Découvrir le cinéma de Federico Fellini avec La Strada; parce qu’on a alors 8 ou ans, le retrouver vingt-cinq ans plus tard en DVD dans la médiocre retranscription française sabotée par l’affreux René Château ; faire cela un soir de mauvaise humeur ; et de cette façon en écrire un méchant avis assez puéril ; se le reprocher parce que l’on est un être scrupuleux et exigeant ; se dire que désormais; les années passées on a suffisamment exploré le continent fellinien et que, même si on ne lui a jamais trouvé les pics et les éminences qu’on aurait espéré y déceler, on peut l’avoir apprécié de plus en plus et aussi lui trouver, grâce à La dolce Vita ou à Et vogue le navire d’immenses qualités…

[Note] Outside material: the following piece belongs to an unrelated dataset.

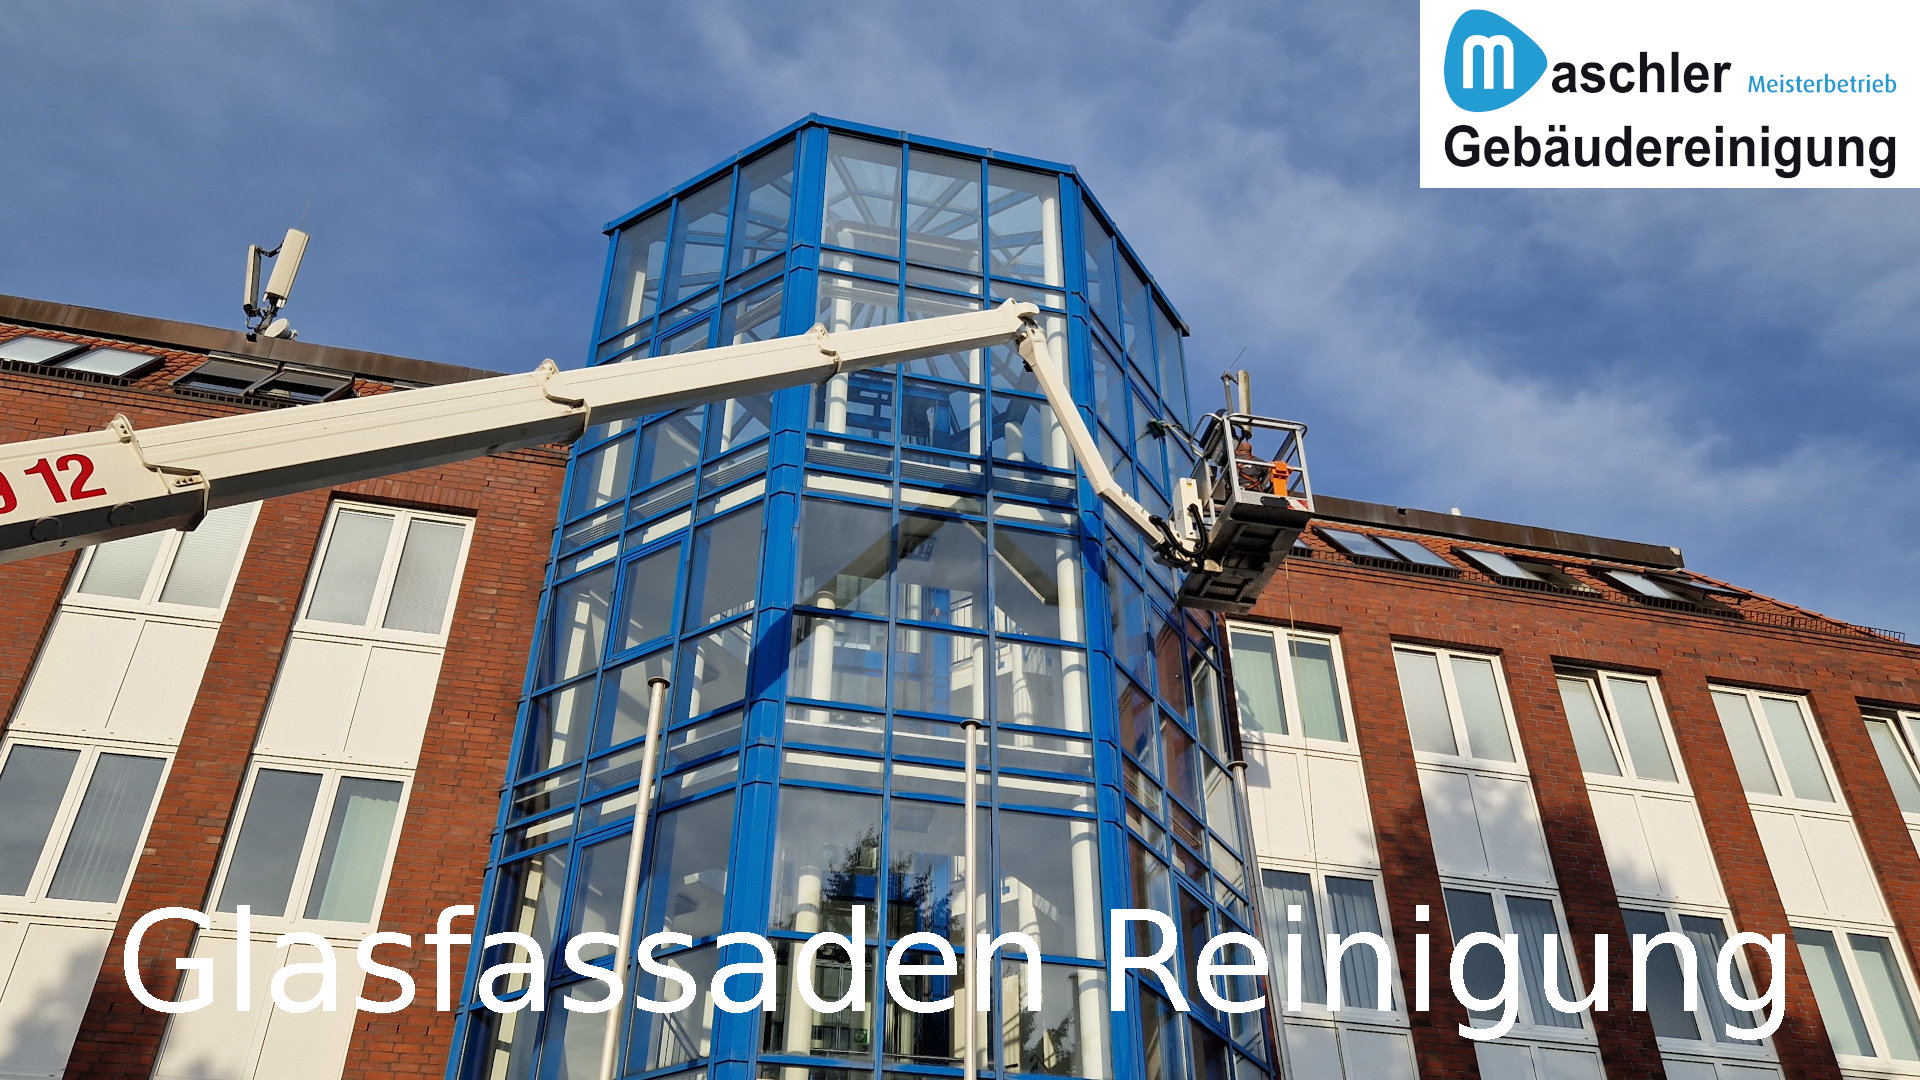 Glasfassadenreinigung - Gebäudereinigung Maschler Rostock

Revenir à La strada ; n’en n’être pas ébloui comme on l’espérait secrètement pouvoir l’être, mais en rehausser la place dans son Panthéon personnel ; se confirmer qu’on est toujours aussi exaspéré par la mélodie écrite par Nino Rota qui ne fut pourtant pas pour rien dans le succès public du film, qui en est un des fils conducteurs et sert même à sa conclusion.

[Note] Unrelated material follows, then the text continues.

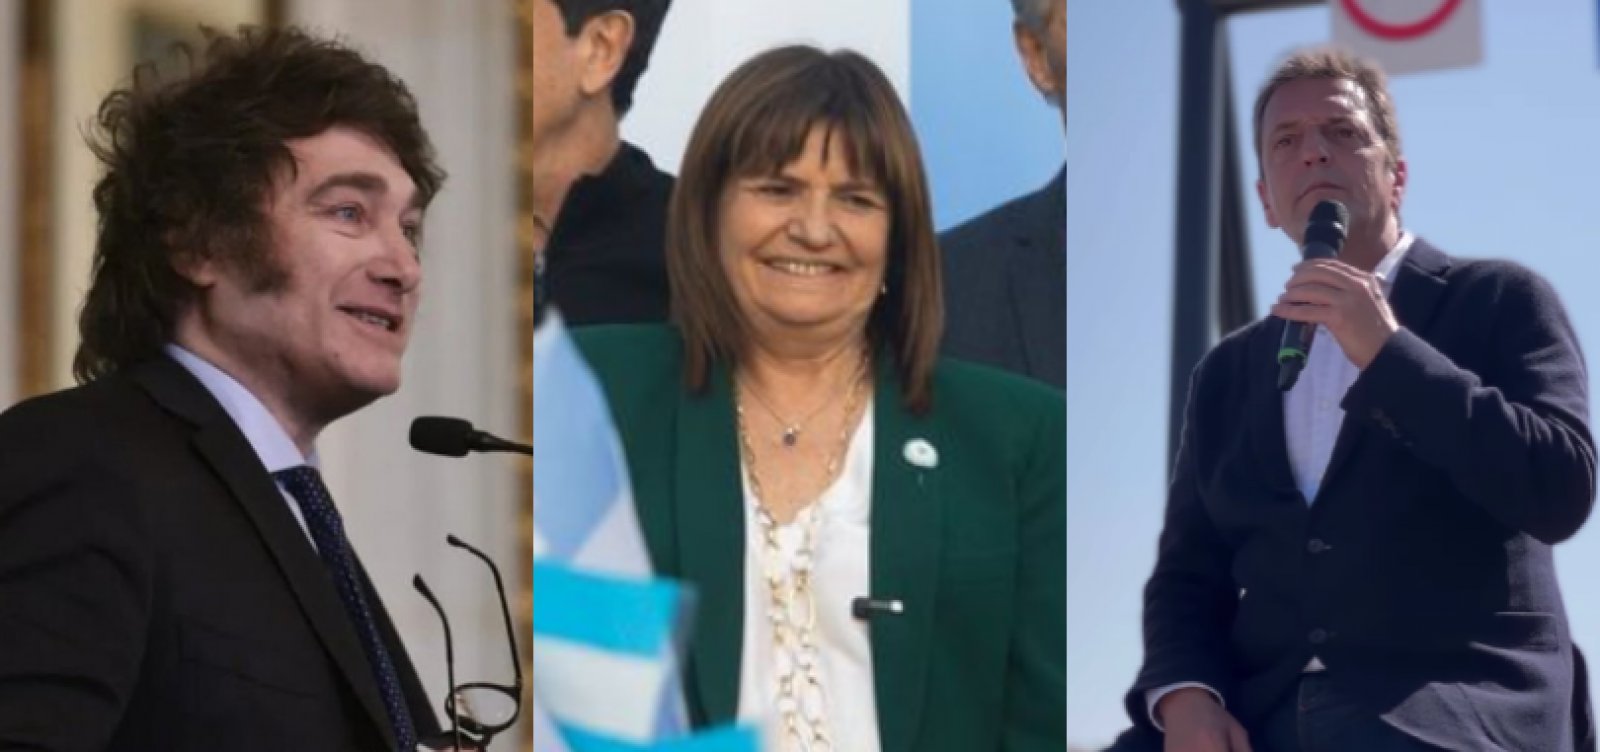 Eleição presidencial na Argentina acontece neste domingo; veja detalhes

Se dire que le coup de génie de Federico Fellini, c’est la distribution des rôles et que la seule possibilité que son récit pût fonctionner était bien d’employer de tels acteurs.
D’abord Anthony Quinn, au physique taillé à la hache qui pouvait, par la qualité de son jeu, se rendre aussi rustre, sauvage, violent, sommaire et esseulé que le personnage de Zampano exigeait qu’il fût. Il est vrai, pourtant, comme on l’a sagement remarqué, qu’il est un mystère complet : on comprend bien d’où est issue Gelsomina, la misère de cette Italie qui ne va connaître son miracle que peu à peu, on ne plonge pas dans le passé de Zampano, les claques reçues, l’abandon possible, l’enfance vécue comme un calvaire… Enfin, tout ça fait partie des hypothèses.

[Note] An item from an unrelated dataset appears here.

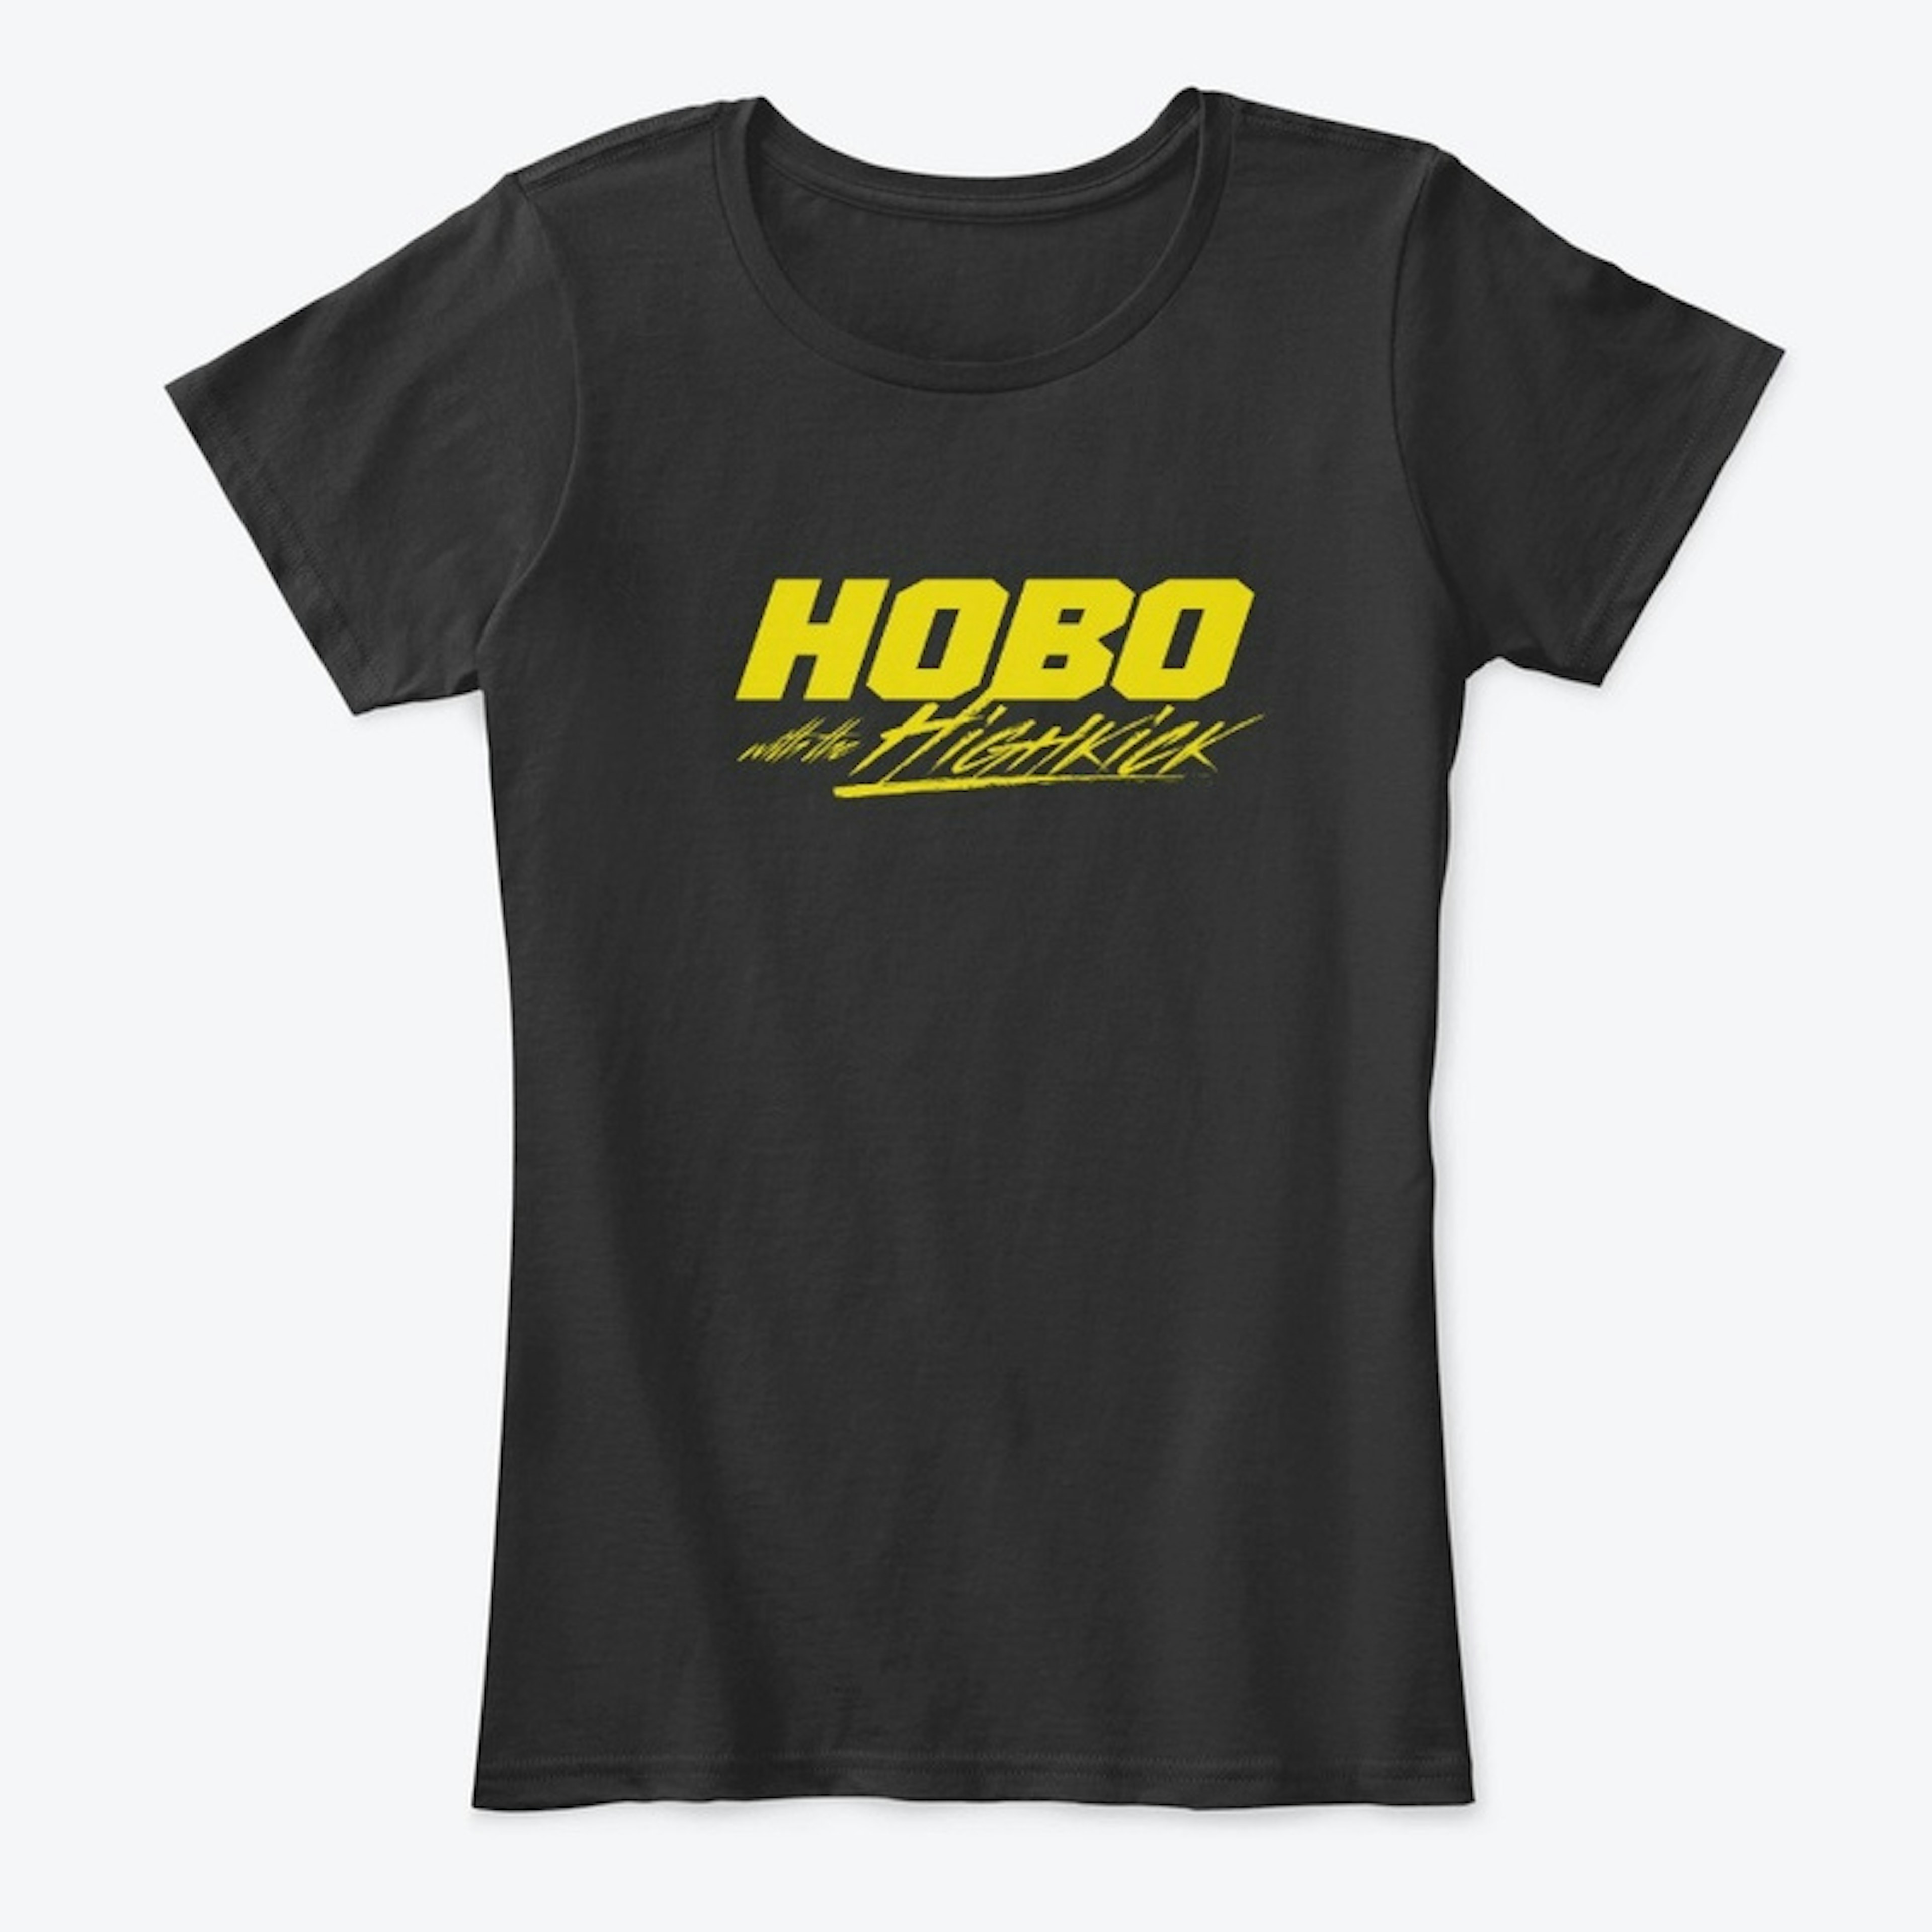 Hobo with the High Kick

Les paysages de banlieues tristes et de terrains vagues, parfaitement désespérants, sont filmés sans complaisance et le climat de l’Italie exsangue d’après-guerre devrait nous parler davantage : je ne me souviens pas avoir vu représentée la France de l’époque dans cette même désolation ; ce qui m’y fait le plus songer, c’est l’Espagne du Luis Buñuel du début : Terre sans pain, par exemple ; presque le Tiers-Monde…
Mais j’ai déjà écrit que j’avais un problème avec cet immense réalisateur.